Design/methodology/approach
The authors deploy a longitudinal case study which ran from 2003-2011. Data was collected via observations, semi-structured interviews and through extensive literature reviews.
Findings
Via this longitudinal case study, the authors illustrate that the antecedents of deinstitution can lie in the ways by which an institution is established. In doing so, they highlight the paradoxical role potentially played by institutional entrepreneurs in that they can (unwittingly) operate as agents of institutionalisation and deinstitutionalisation. Their study suggests that the higher the performance imperative within a field, the more likely the institution as a generic concept will be deinstitutionalised and the more likely to be appropriated and customised in order to gain inimitability and thus competitive advantage. Finally, the authors make an additional contribution by integrating the affective aspects of institutional work to their analyses; stressing the role played by emotions.

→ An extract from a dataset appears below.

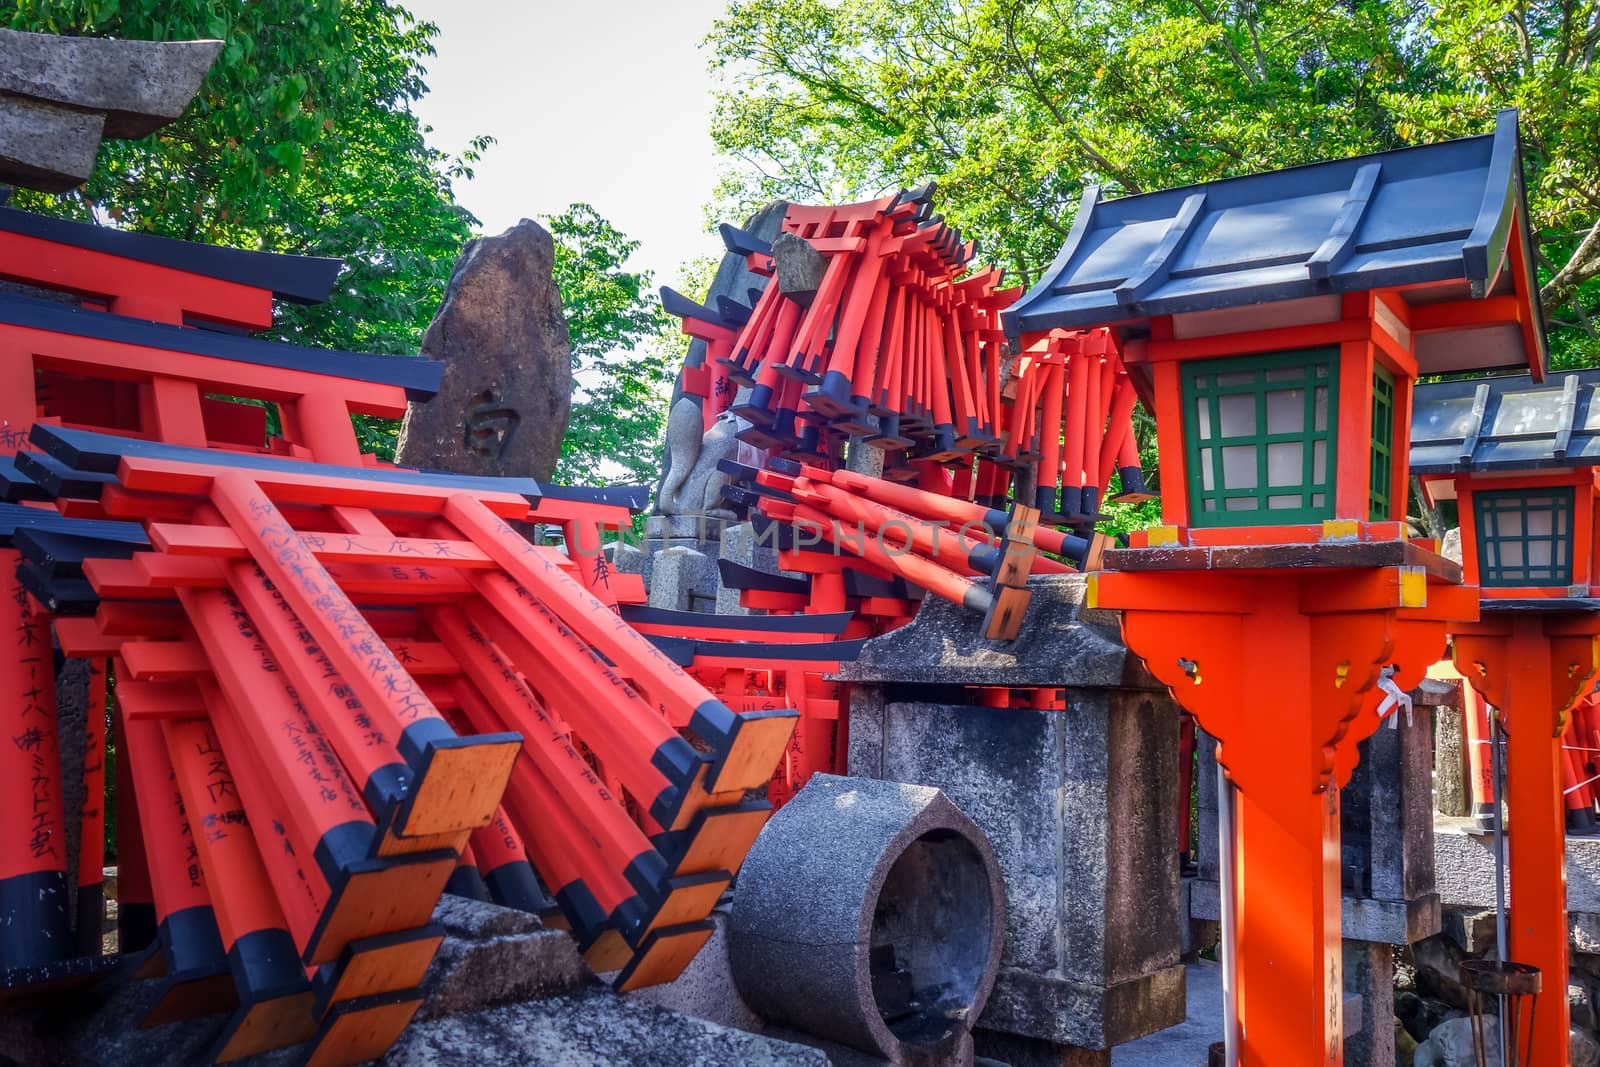 Gifts at Fushimi Inari Taisha, Kyoto, Japan by daboost

Research limitations/implications
As with many case studies, the ability to generalise from one case, however detailed, is limited. However, it provides evidence as to the paradoxical role that can be played by institutional entrepreneurs – especially in highly competitive environments.
Practical implications
The study suggests that the HR function has a potential role to play with regards to institutional continuity through a focus on leader and institutional entrepreneur succession planning.
Originality/value
The paper makes an original contribution by highlighting both institutional and deinstitutional work within a single case. It highlights the paradoxical nature of institutional entrepreneurs in highly competitive environments and illustrates the importance of emotion to institutional maintenance and deinstitution.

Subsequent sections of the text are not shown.